Support materials only that illustrate some possible contexts for exploring Science as a Human Endeavour concepts in relation to Science Understanding content.
The production of wine, along with that of many other food products, relies on the successful control of a range of reversible reactions in order to maintain the required chemical balance within the product. For wine, this balance includes the acidity, alcohol concentration, sugar levels and the colour of the wine. Techniques such as auto titration, gas chromatography and infrared spectroscopy are used to measure the chemical composition of wine. Data from these methods, including the analysis of multivariate data, has enabled scientists to identify how the concentrations of the various chemicals in the wine are related, both to each other and the observable properties of wine such as taste and aroma (ACSCH082). Sulphur dioxide is used to maintain chemical balance in wine, as it binds with acetaldehyde. ‘Sulphite calculators’ are available so that wine makers can predict the amount of sulphur dioxide required. However decisions as to how the sulphur dioxide is added to the wine, including how much to use, will depend on preferences of the winemaker, especially for those producers who market wine as ‘organic’ or ‘preservative free’ (ACSCH084).

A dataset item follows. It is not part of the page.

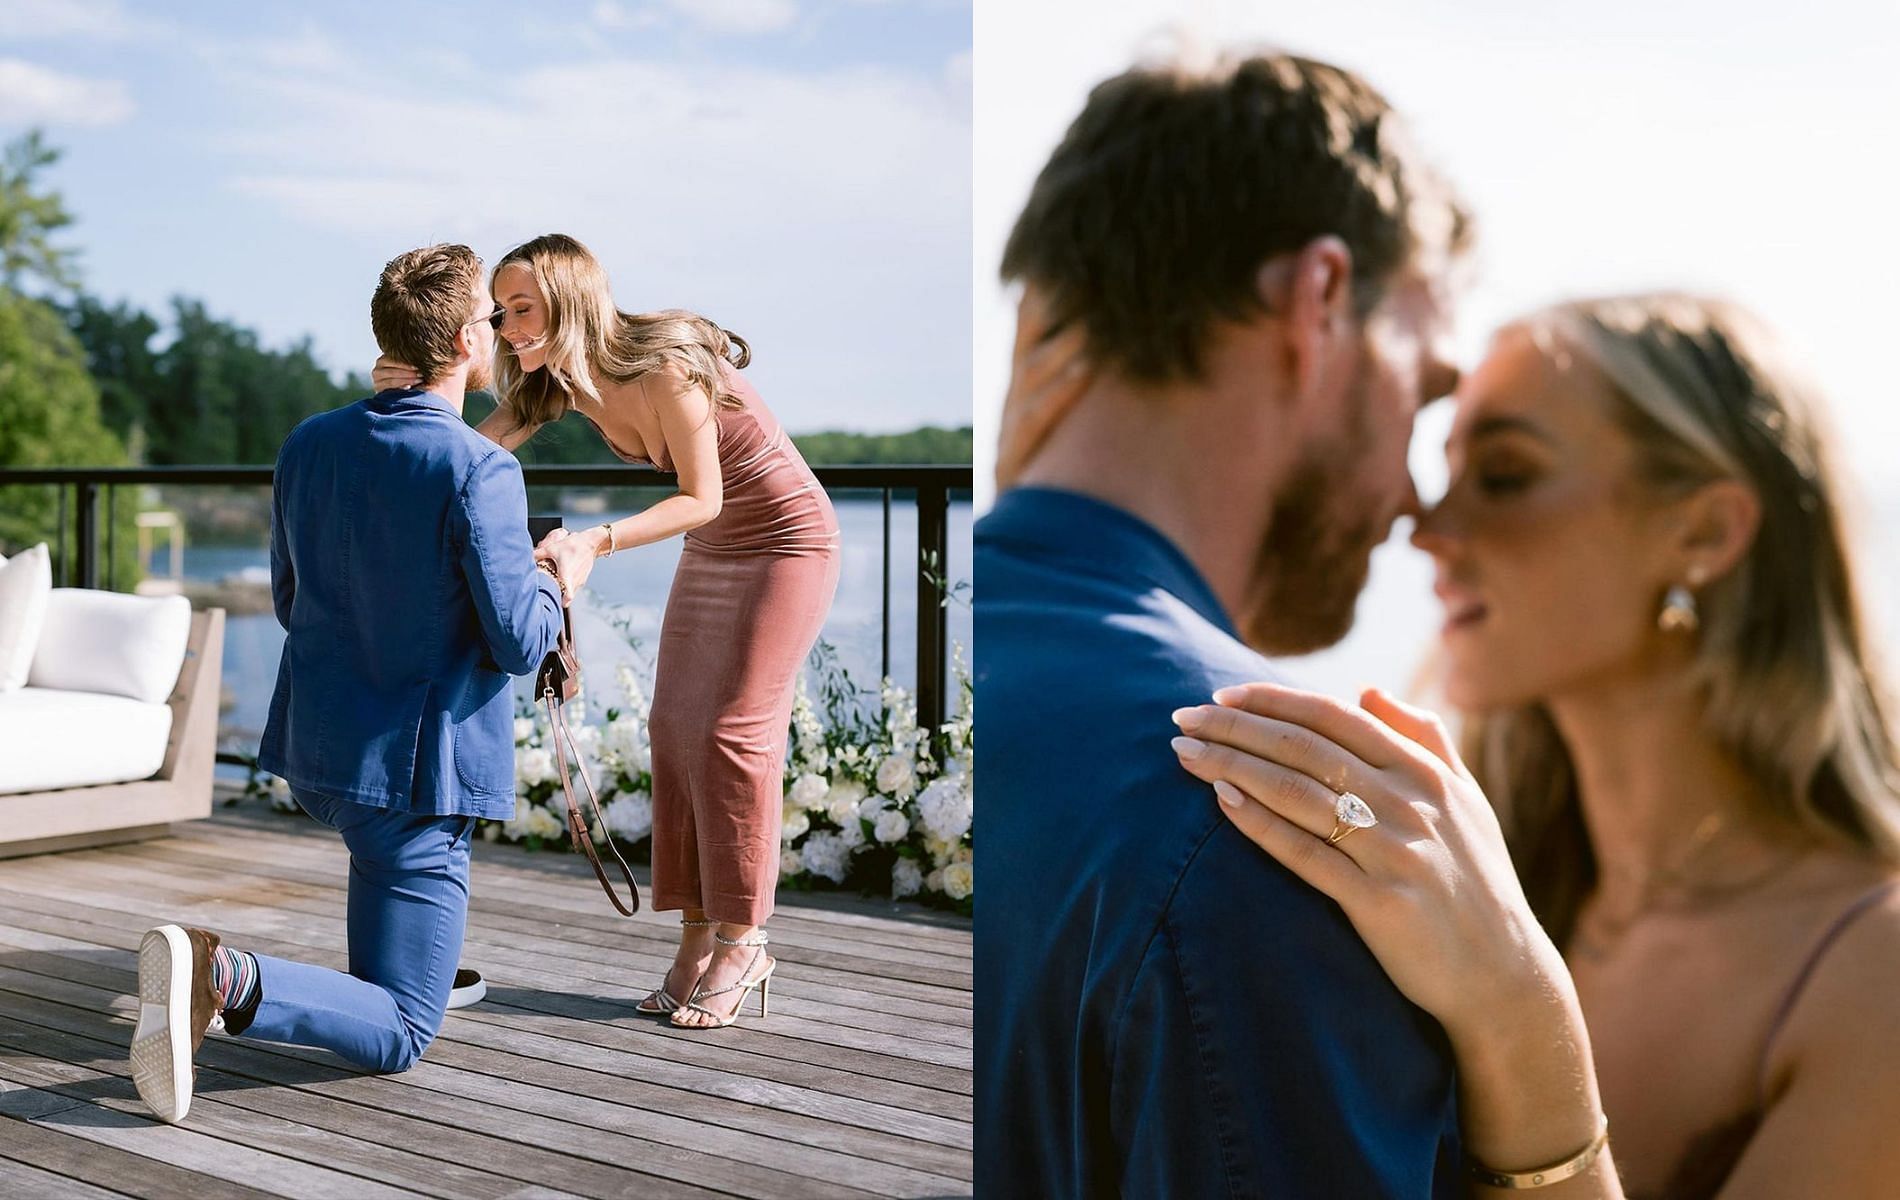 Connor McDavid gets engaged to longtime girlfriend, Lauren Kyle
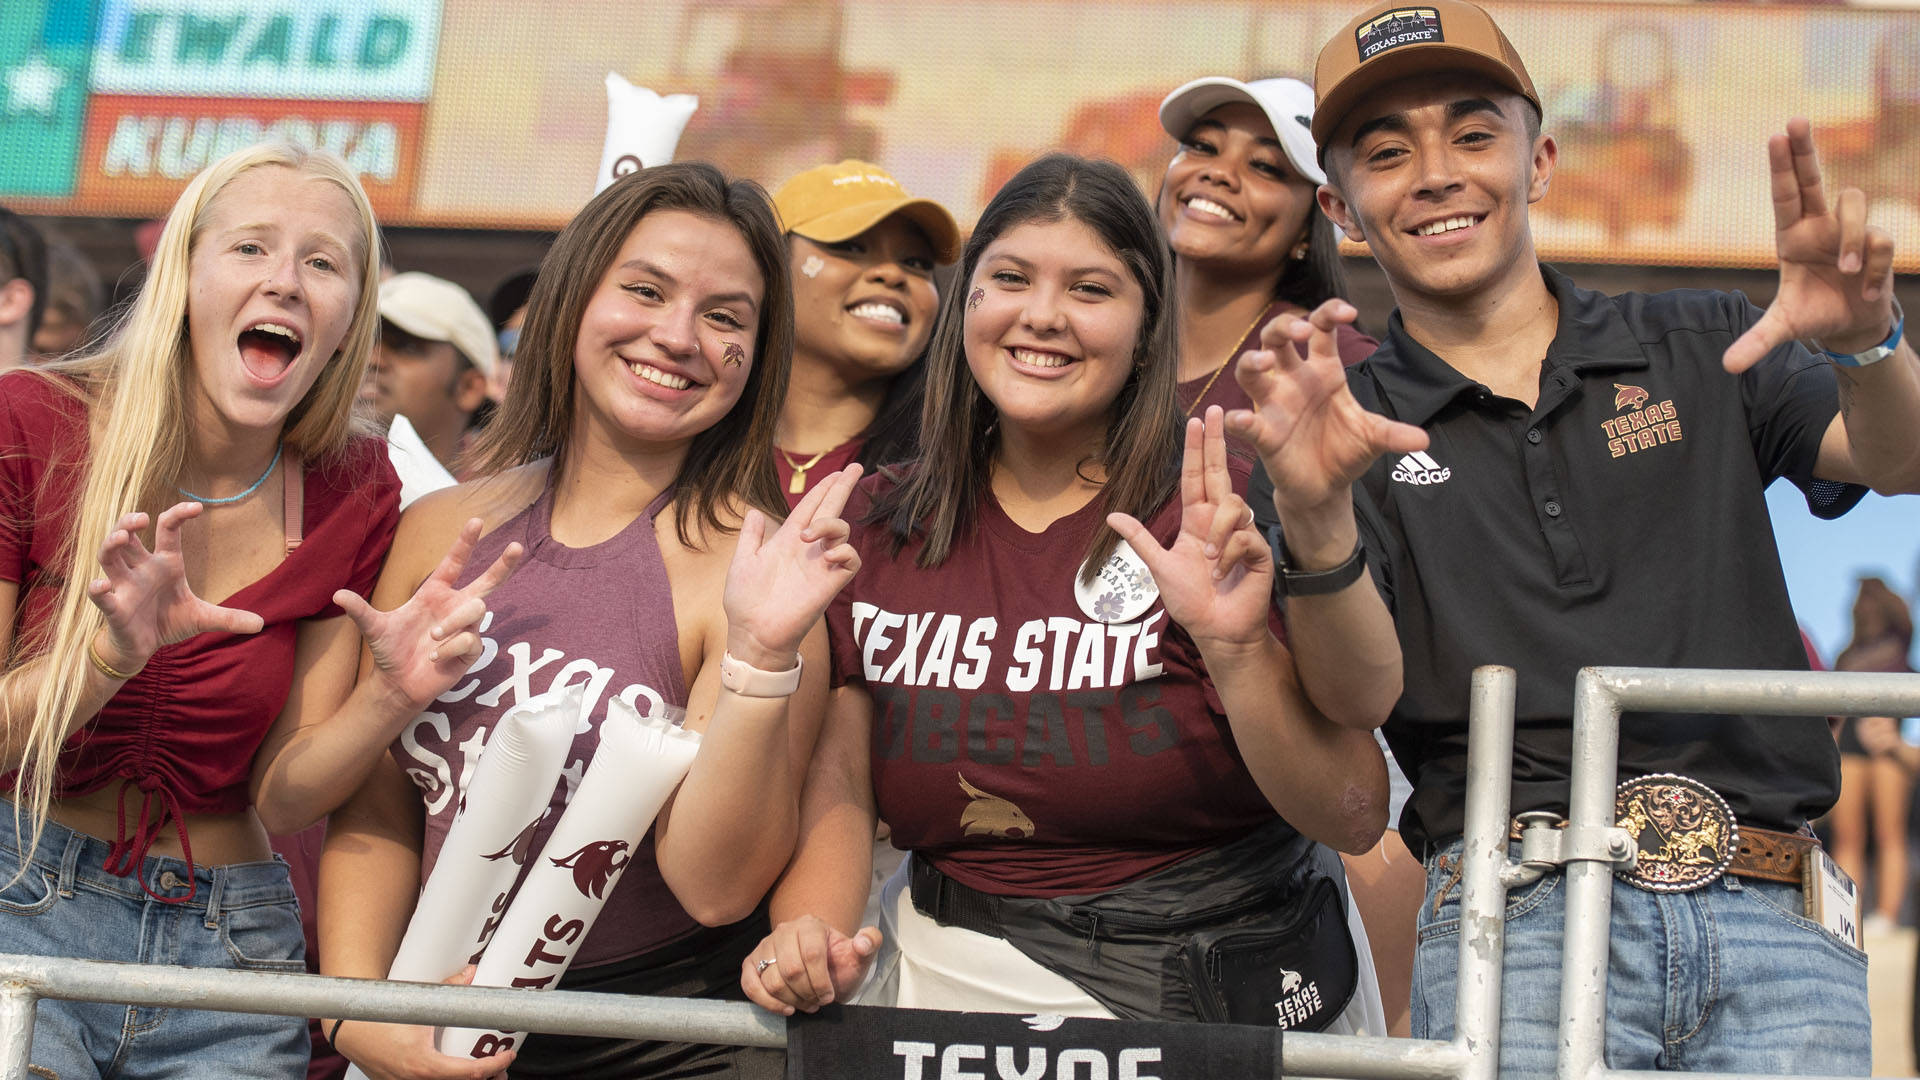 group of students smiling and making Texas State hand symbols at a Texas State Football game

The levels of carbon dioxide in the atmosphere have a significant influence on global systems, including surface temperatures. The oceans contribute to the maintenance of steady concentrations of atmospheric carbon dioxide because the gas can dissolve in seawater through a range of reversible processes. The uptake of anthropogenic carbon dioxide by the oceans is driven by the difference in gas pressure in the atmosphere and in the oceans, and by the air/sea transfer velocity. Because carbon dioxide is increasing in the atmosphere, more of it moves into the ocean to balance the oceanic and atmospheric gas pressures, causing a change in the equilibrium point. Dissolved carbon dioxide increases ocean acidity, which is predicted to have a range of negative consequences for ecosystems, including direct impacts on oceanic calcifying organisms such as corals, crustaceans and molluscs because structures made of calcium carbonate are vulnerable to dissolution under at lower pH levels (ACSCH088). The United Nations Kyoto Protocol and the establishment of the Intergovernmental Panel on Climate Change aim to secure global commitment to a significant reduction in greenhouse gas emissions over the next decades (ACSCH087).
Lavoisier, often referred to as the father of modern chemistry, believed that all acids contained oxygen. In 1810, Davy proposed that it was hydrogen, rather than oxygen, that was common to all acids (ACSCH083). Arrhenius linked the behaviour of acids to their ability to produce hydrogen ions in aqueous solution, however this theory only related to aqueous solutions and relied on all bases producing hydroxide ions. In 1923 Brønsted (and at about the same time, Lowry) refined the earlier theories by describing acids as proton donators (ACSCH083). This theory allowed for the description of conjugate acid-bases, and for the explanation of the varying strength of acids based on the stability of the ions produced when acids ionise to form the hydrogen ions. This concept has been applied to contemporary research into ‘superacids’, such as carborane acids, which have been found to be a million times stronger than sulphuric acid when the position of equilibrium in aqueous solution is considered.